Vor allem steht die Berliner Nachtszene unter Beobachtung, nachdem sich im Club „Trompete” gleich 17 Besucher infiziert hatten. Sie waren alle am selben Tag in der Bar am Lützowplatz. Die Clubs sehen sich wegen der Ausbreitung des Virus in ihrer Existenz gefährdet. Schon jetzt kämen weniger Besucher - eine Schließung von nur wenigen Wochen würde „unweigerlich zur Insolvenz der meisten Clubs führen”, erklärte die Clubcommission Berlin. Zu einer pauschalen Schließung habe sich das Branchen-Netzwerk noch nicht entschlossen. Doch Clubgänger sollen mit ihrer E-Mail-Adresse oder Telefonnummer registriert und die Gästeauslastung auf 70 Prozent reduziert werden.

Der Berliner Friedrichstadt-Palast muss wie andere Bühnen auch eine große Umtauschaktion stemmen: Alle Veranstaltungen der gerade bei Touristen beliebten Revue-Show „Vivid” wurden abgesagt. Rund 40 000 Karten müssen umgebucht oder zurückgegeben werden. Der Ausfall entspreche Einbußen von rund 2,1 Millionen Euro.

Viele Veranstaltungen werden ganz abgesagt. Dazu zählt die Premiere der Oper „Fidelio” unter der Regie von Hollywood-Star und Oscar-Preisträger Christoph Waltz in Wien. Sie war für kommenden Montag geplant. Das Theater will aber eine geplante TV-Aufzeichnung umsetzen. „Wir proben ganz normal weiter”, teilte eine Sprecherin mit. Auch die Stadt Bonn hat ihr für nächste Woche geplantes Beethovenfest wegen der Corona-Epidemie abgesagt. Die Konzerte müssten ersatzlos ausfallen, bereits erworbene Tickets würden erstattet. Die Kunstmesse Tefaf in Maastricht wurde um vier Tage verkürzt und sollte bereits am Mittwochabend schließen, teilte eine Sprecherin mit.

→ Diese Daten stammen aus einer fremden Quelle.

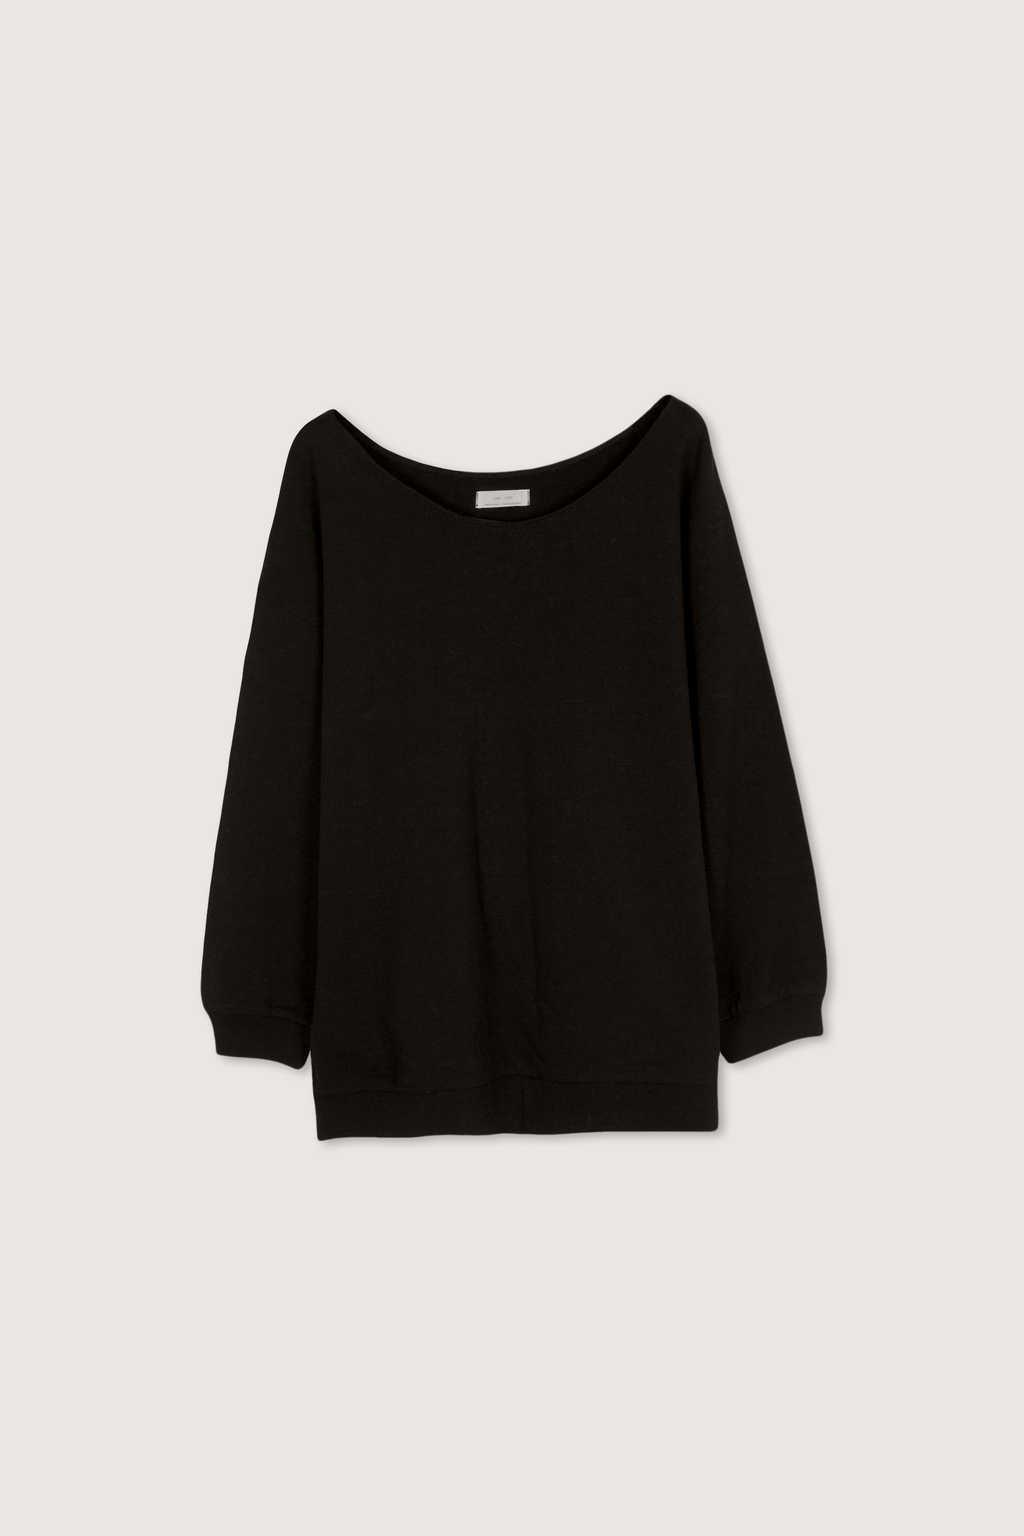 Sweatshirt 1950 Black 11

Ausgefallene Vorführungen, gestrichene Premieren - ein kleines Trostpflaster kann das Internet bieten. Die Berliner Staatsoper Unter den Linden will an diesem Donnerstag die Vorstellung der Oper „Carmen” mit Generalmusikdirektor Daniel Barenboim streamen. Andere Häuser planen Ähnliches. Einen ungewöhnlichen Schritt geht auch die Hamburger Elbphilharmonie. Am Mittwochabend sollte dort der britische Sänger James Blunt auftreten, allerdings vor leeren Rängen. Das Konzert werde stattdessen für alle kostenlos im Internet per Livestream übertragen, teilte die PR-Agentur des Sponsors mit.